# Six main kinds of stories...



## ThinkerX (Apr 12, 2017)

...according to a computer:
The Six Main Stories, As Identified by a Computer - The Atlantic



> By then, he said, the thesis had long since vanished. (“It was rejected because it was so simple and looked like too much fun,” Vonnegut explained.) But he continued to carry the idea with him for many years after that, and spoke publicly about it more than once. It was, essentially, this: “There is no reason why the simple shapes of stories can’t be fed into computers. They are beautiful shapes.”
> 
> That explanation comes from a lecture he gave, and which you can still watch on YouTube, that involves Vonnegut mapping the narrative arc of popular storylines along a simple graph. The X-axis represents the chronology of the story, from beginning to end, while the Y-axis represents the experience of the protagonist, on a spectrum of ill fortune to good fortune. “This is an exercise in relativity, really,” Vonnegut explains. “The shape of the curve is what matters.”



The story types:



> 1. Rags to Riches (rise)
> 
> 2. Riches to Rags (fall)
> 
> ...



I like that an SF writer came up with the concept - Vonnegut was one of the old line 'Greats,' but find the '6 main types' a bit misleading.  (There are other story types, some popular.)  Plus, the model comes across as overly simple.


----------



## skip.knox (Apr 12, 2017)

Yeah, all that this sort of thing demonstrates--with huge respect to Vonnegut!--is that we humans are obsessive pattern finders. We will find a pattern, which we often take for significance, in just about anything, including random alignment of stars, the neighing if horses, the flight of birds, and just about anything to do with the stock market.

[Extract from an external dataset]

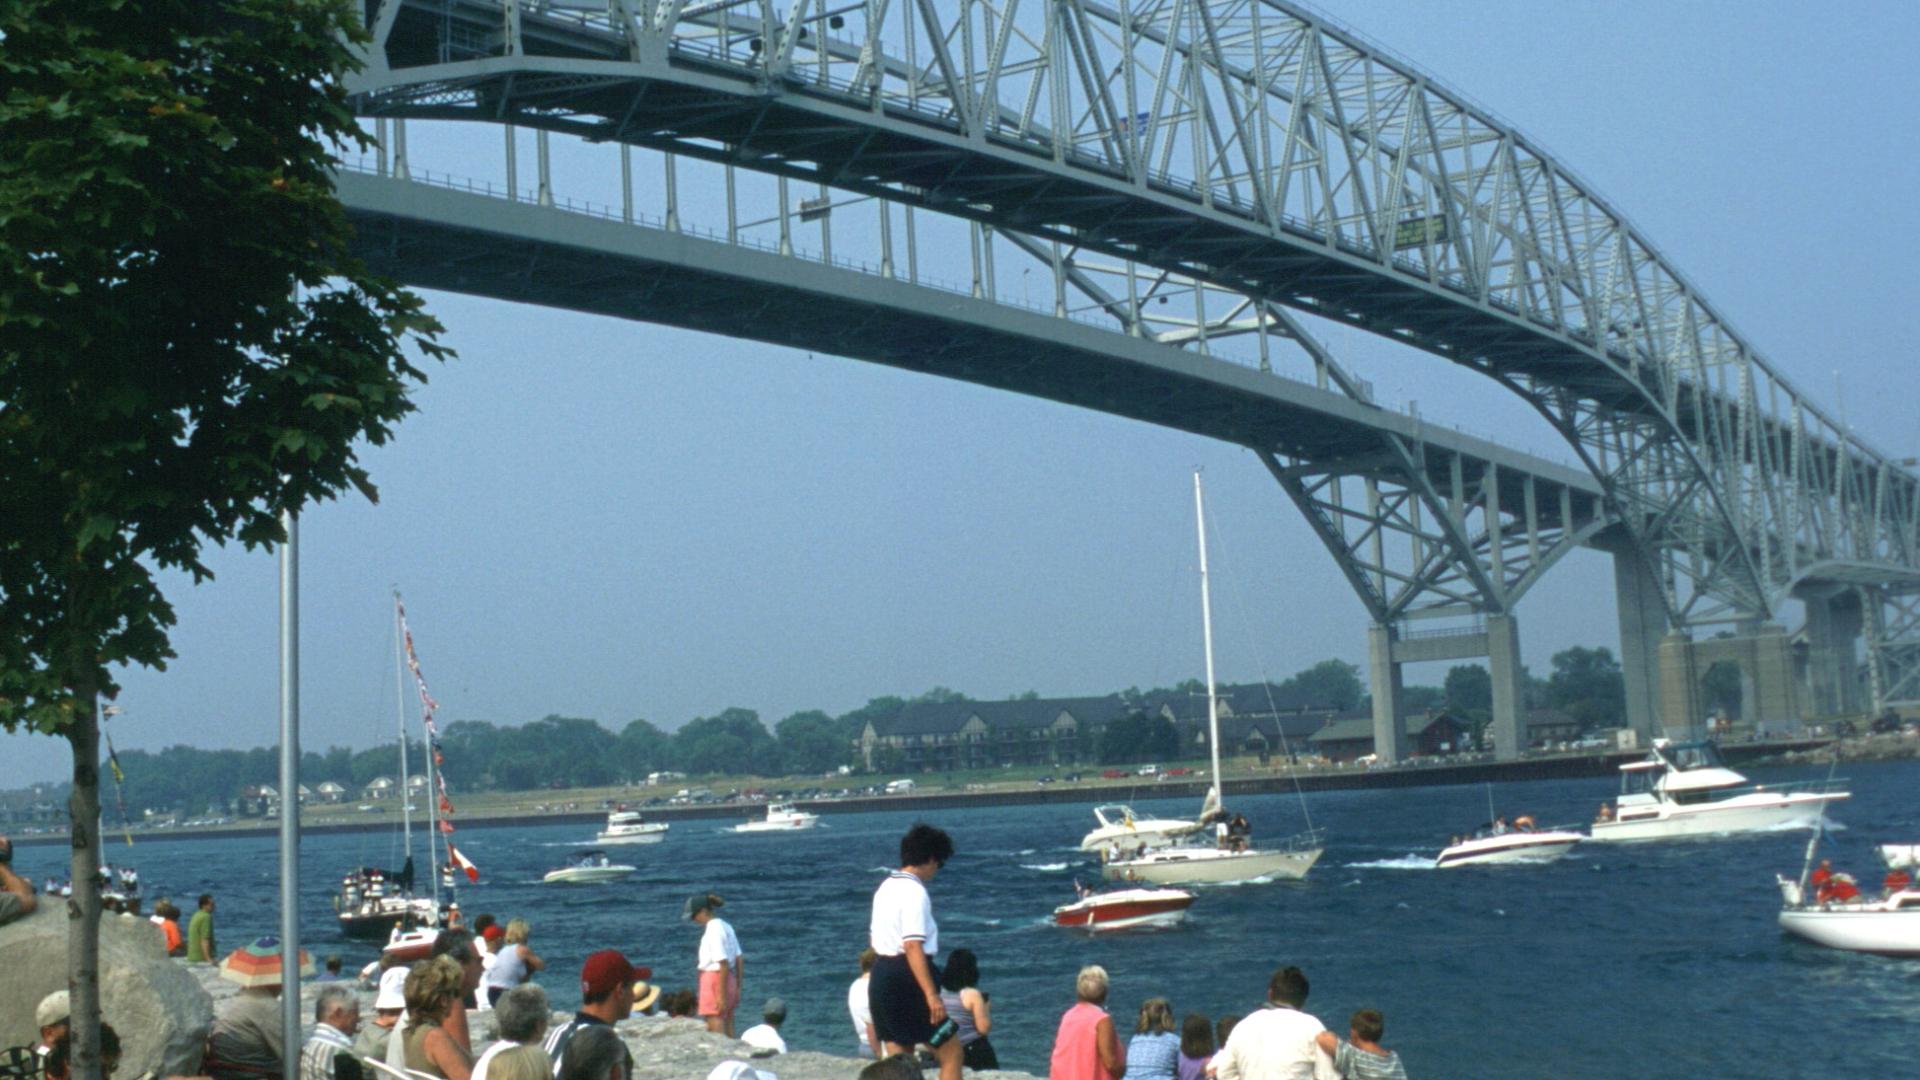 People sitting at the bay watching as boats sail under the bridge.
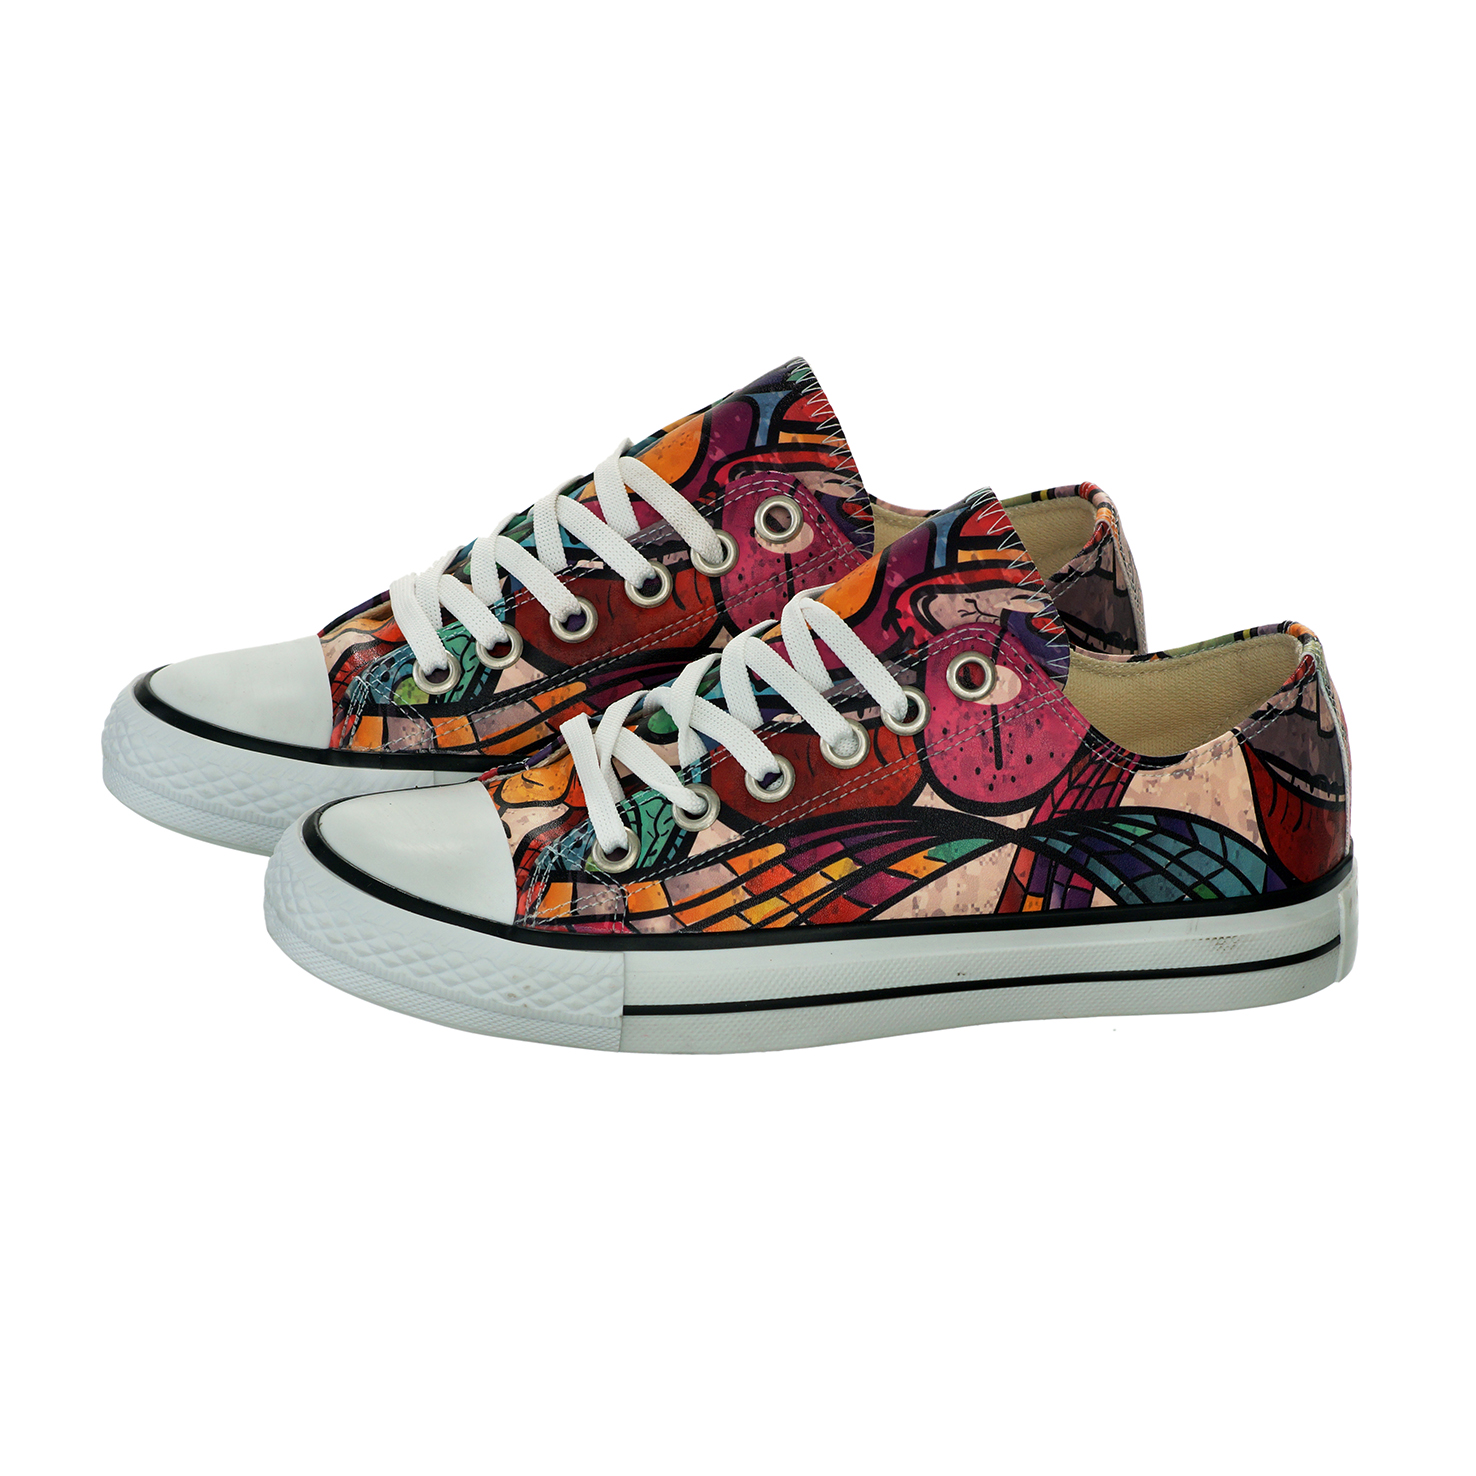 Printed Colorful Women's Sneakers

There are an infinite number of story types: good ones, less good ones, still less good ones ... infinite variations ... bad ones.


----------



## CupofJoe (Apr 13, 2017)

Skip is right. We are a species of pattern finders and spurious correlators; _Post hoc, ergo propter hoc_ and all that.
I'm kind of surprised that the computer didn't reduce the list further... 
Slope, Curve and Yo-yo...


----------



## Devor (Apr 13, 2017)

What if you fall, then fall again, then flatline, and then rise suddenly only to crash into the ceiling?

I'm sorry, I just... I mean whatever helps someone figure all this out, I guess, but reducing a story to a very short pattern of ups and downs seems kind of pointless to me.


----------



## La Volpe (Apr 13, 2017)

Devor said:


> What if you fall, then fall again, then flatline, and then rise suddenly only to crash into the ceiling?
> 
> I'm sorry, I just... I mean whatever helps someone figure all this out, I guess, but reducing a story to a very short pattern of ups and downs seems kind of pointless to me.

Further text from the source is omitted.